There’s healing in seeing trees bloom after a long winter. It’s no longer as cold as when we first came to Montana. No more heavy jackets and uncomfortable shoes; I’ve put them all in our storage cabinet, where they’ll stay unused until next cold season.
I hadn’t worn my flip-flops in a while; they felt so foreign when I put them on yesterday. My feet were getting used to feeling the earth again, and the wild dandelions pledged of a great summer ahead. I felt the urge to pick them and blow away their seeds but I resisted. Not yet. There will be a perfect time for that.
From work, I took a bus whose driver endearingly told me they could only drop me off at Main Street. Which meant I had to walk through the rain to get home. I had no choice, but the rain was light, and Google Maps estimated I would arrive in 11 minutes.
Once I hopped off the bus, I began my journey. The roads here don’t have pedestrian crosswalks. One could get confused as to where to cross legally and safely. Usually, people cross at the traffic lights. But that was too far away. I just ensured there were no police cars before crossing toward the end of 12th Avenue East.
I walked 11 blocks to get to our apartment. My shoes were wet but I didn’t mind for the place was peaceful. I was the only person walking at that moment.

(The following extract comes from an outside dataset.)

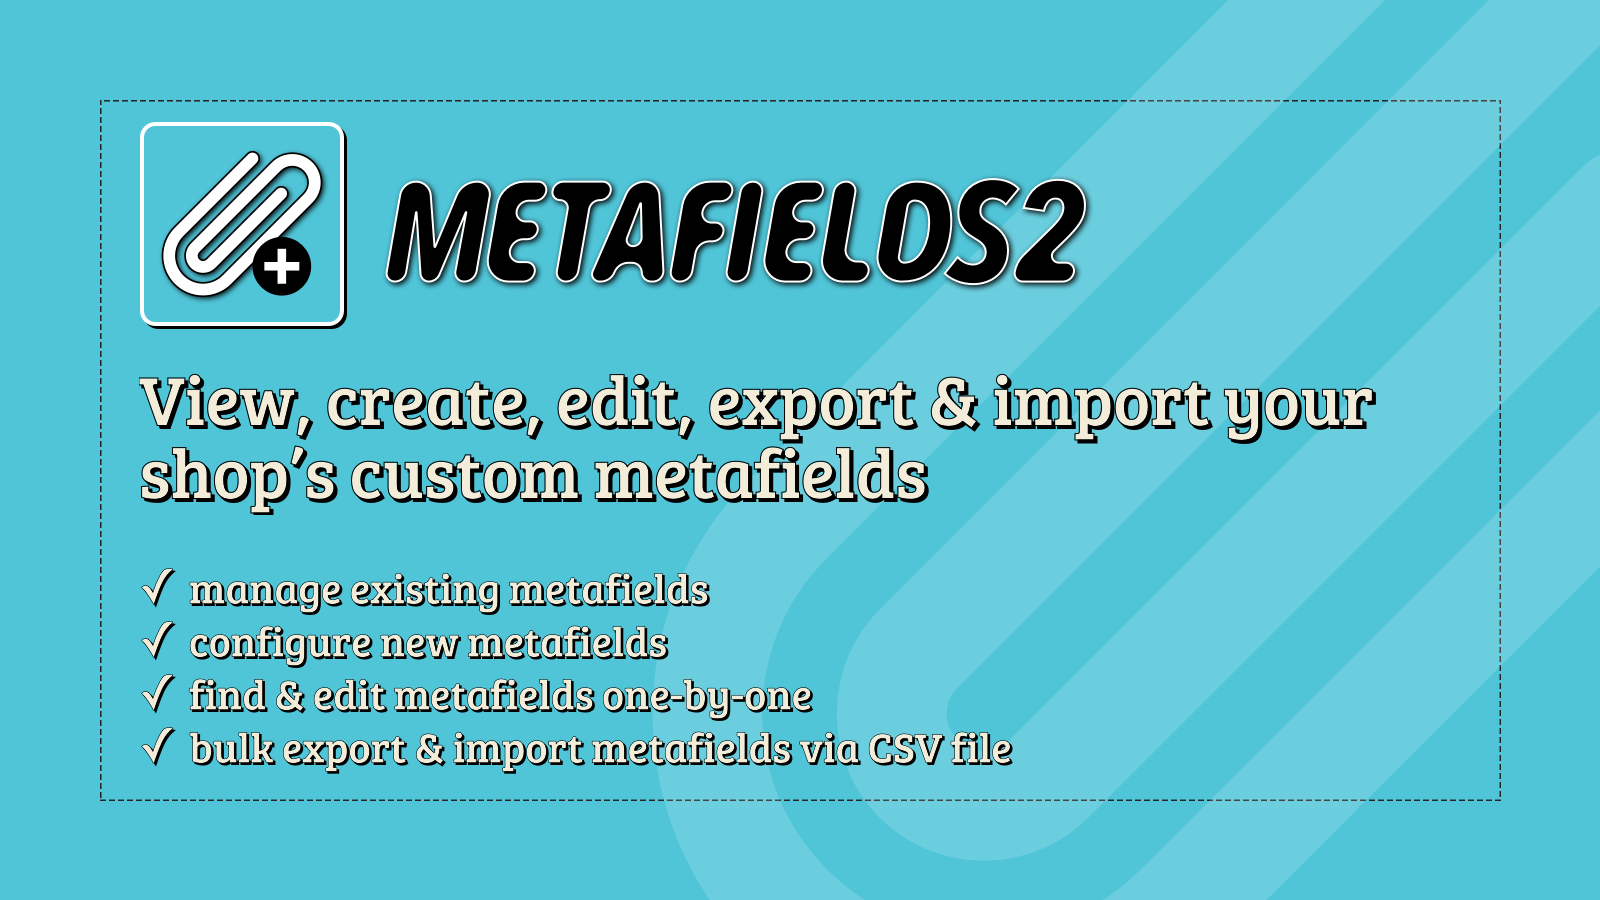 Metafields2 - Create, edit, export/import your custom metafields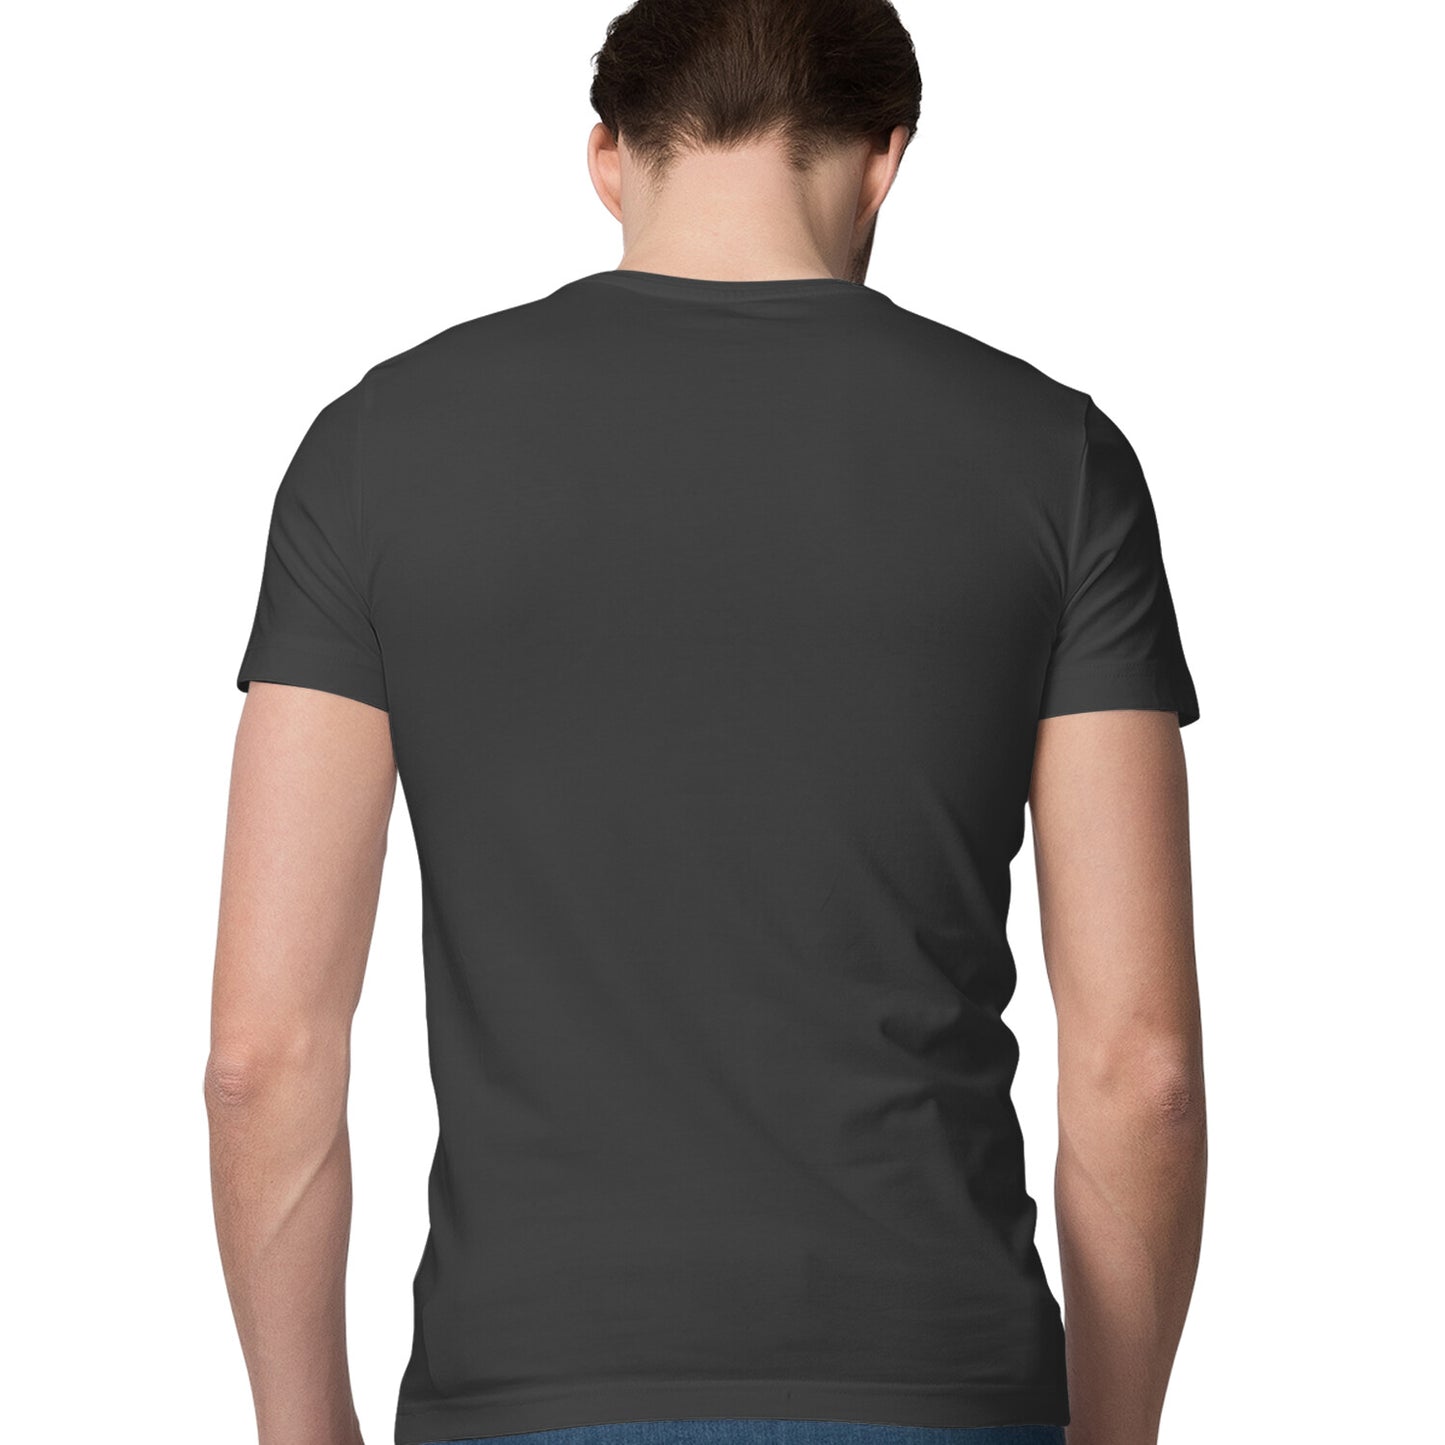 Ready for Gaming - Trendy T-shirt - Men

It’s been raining for a week now. Rain makes everything gloomy; it summons all the skin-walker-like demons to come out of their hidings. To creep in, out, on and up. To glare at you while you endure living this hard life you never asked for.
I was about to feel sad until I saw the trees. They’re insanely beautiful!
Trees with different shapes and colors. They’re just as diverse as humans. The picture of greens with little patches of brown and white enthralls. It felt as if I were inside a painting– that I was the figure the artist had included to balance the composition. I caught myself daydreaming of powerful winds blowing through my hair while I danced among the trees.
I couldn’t be more grateful for filling my heart with joy. Maybe that’s why trees bloom during Springtime– because it rains. Trees provide relief from a dismal feeling.
Going back to reality, I finally reached our apartment. I sat in the tub with a heart yearning for something I did not fully understand.